Below is a block of entries; repeat exactly the lines starting at the line that contains "AHMC ANAHEIM REGIONAL MEDICAL CENTER" and ending at the line that contains "1111 W. LA PALMA", both included.

Top of Source records

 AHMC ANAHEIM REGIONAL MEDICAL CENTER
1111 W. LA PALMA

Bottom of Source records
Top of Source records

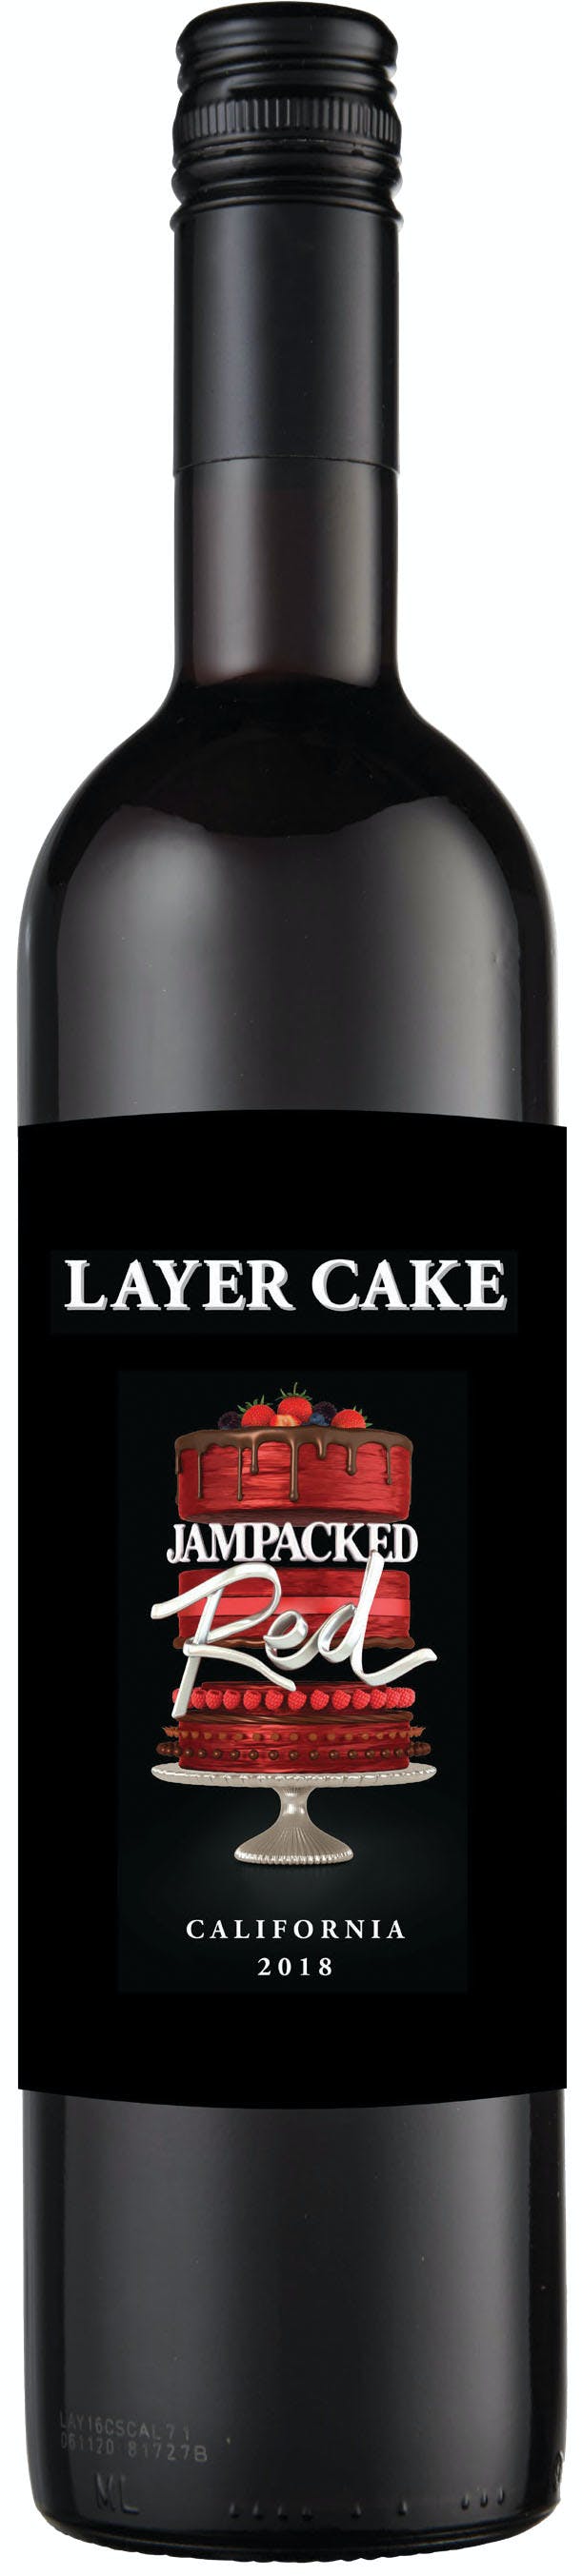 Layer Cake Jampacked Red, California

Bottom of Source records
Top of Source records

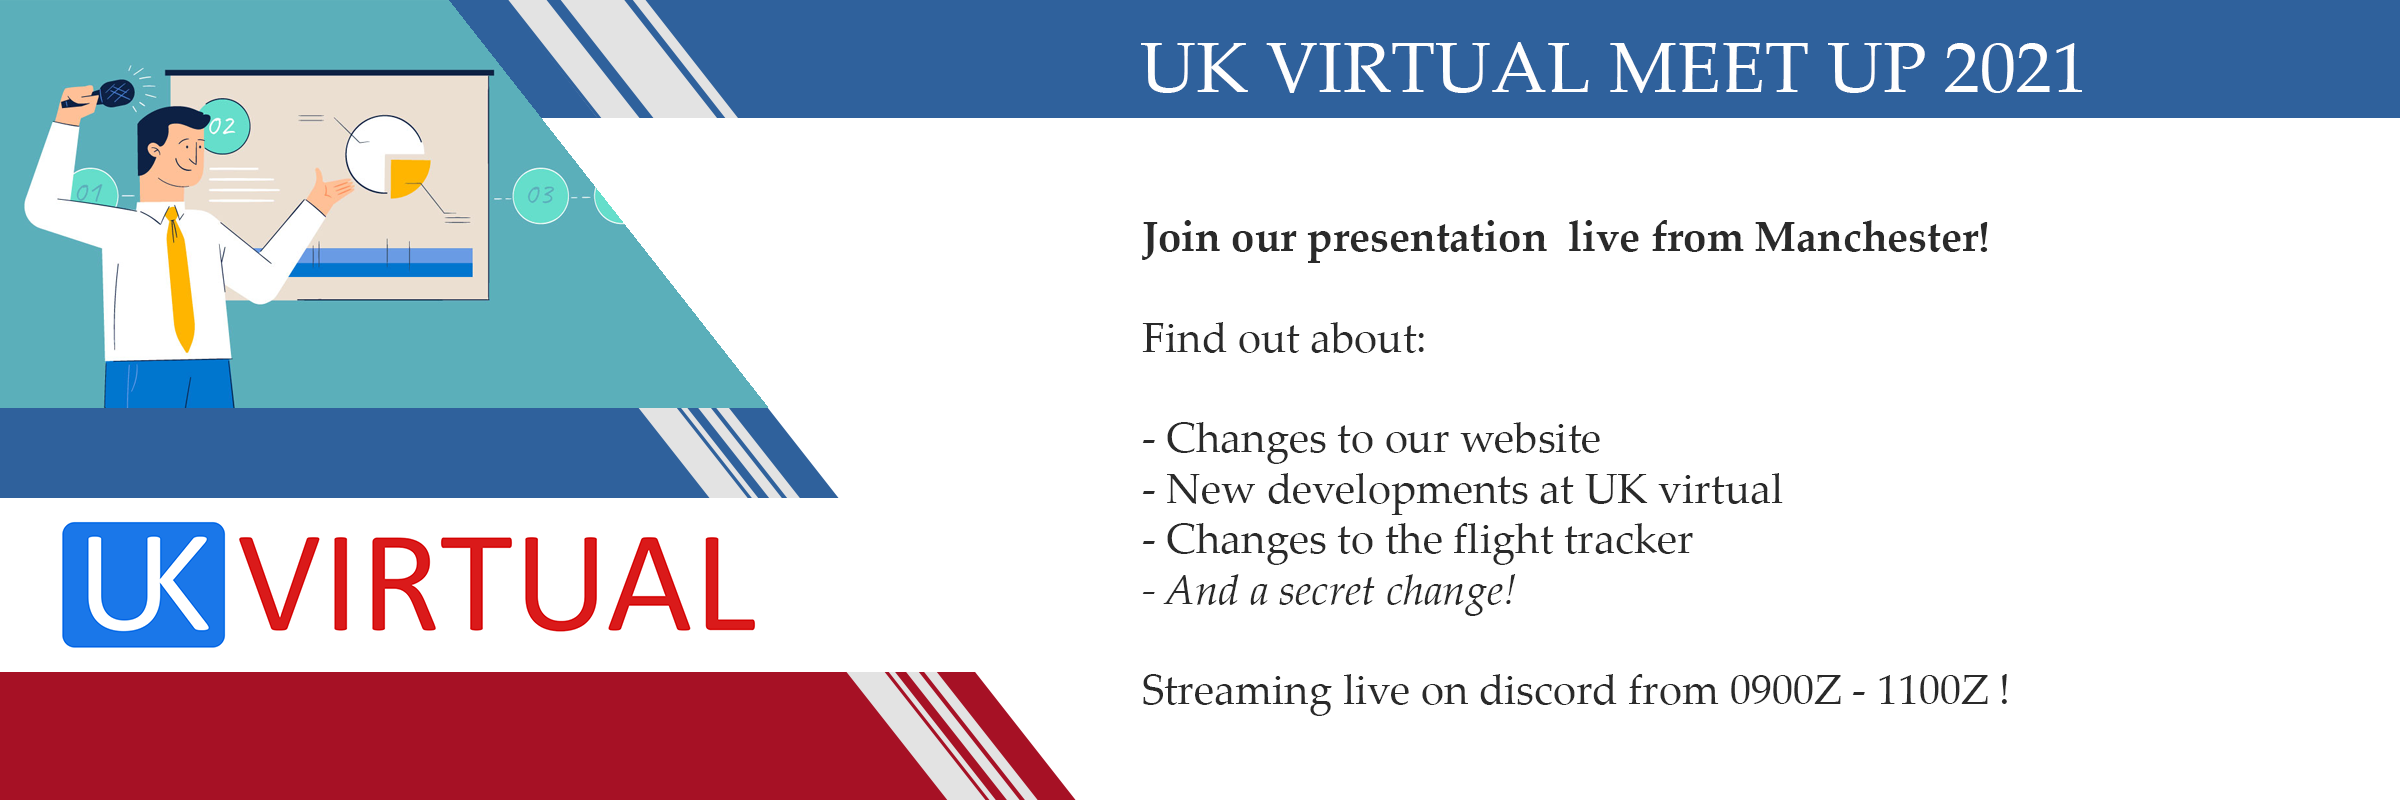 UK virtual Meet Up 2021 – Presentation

Bottom of Source records

Written solution:
 AHMC ANAHEIM REGIONAL MEDICAL CENTER
1111 W. LA PALMA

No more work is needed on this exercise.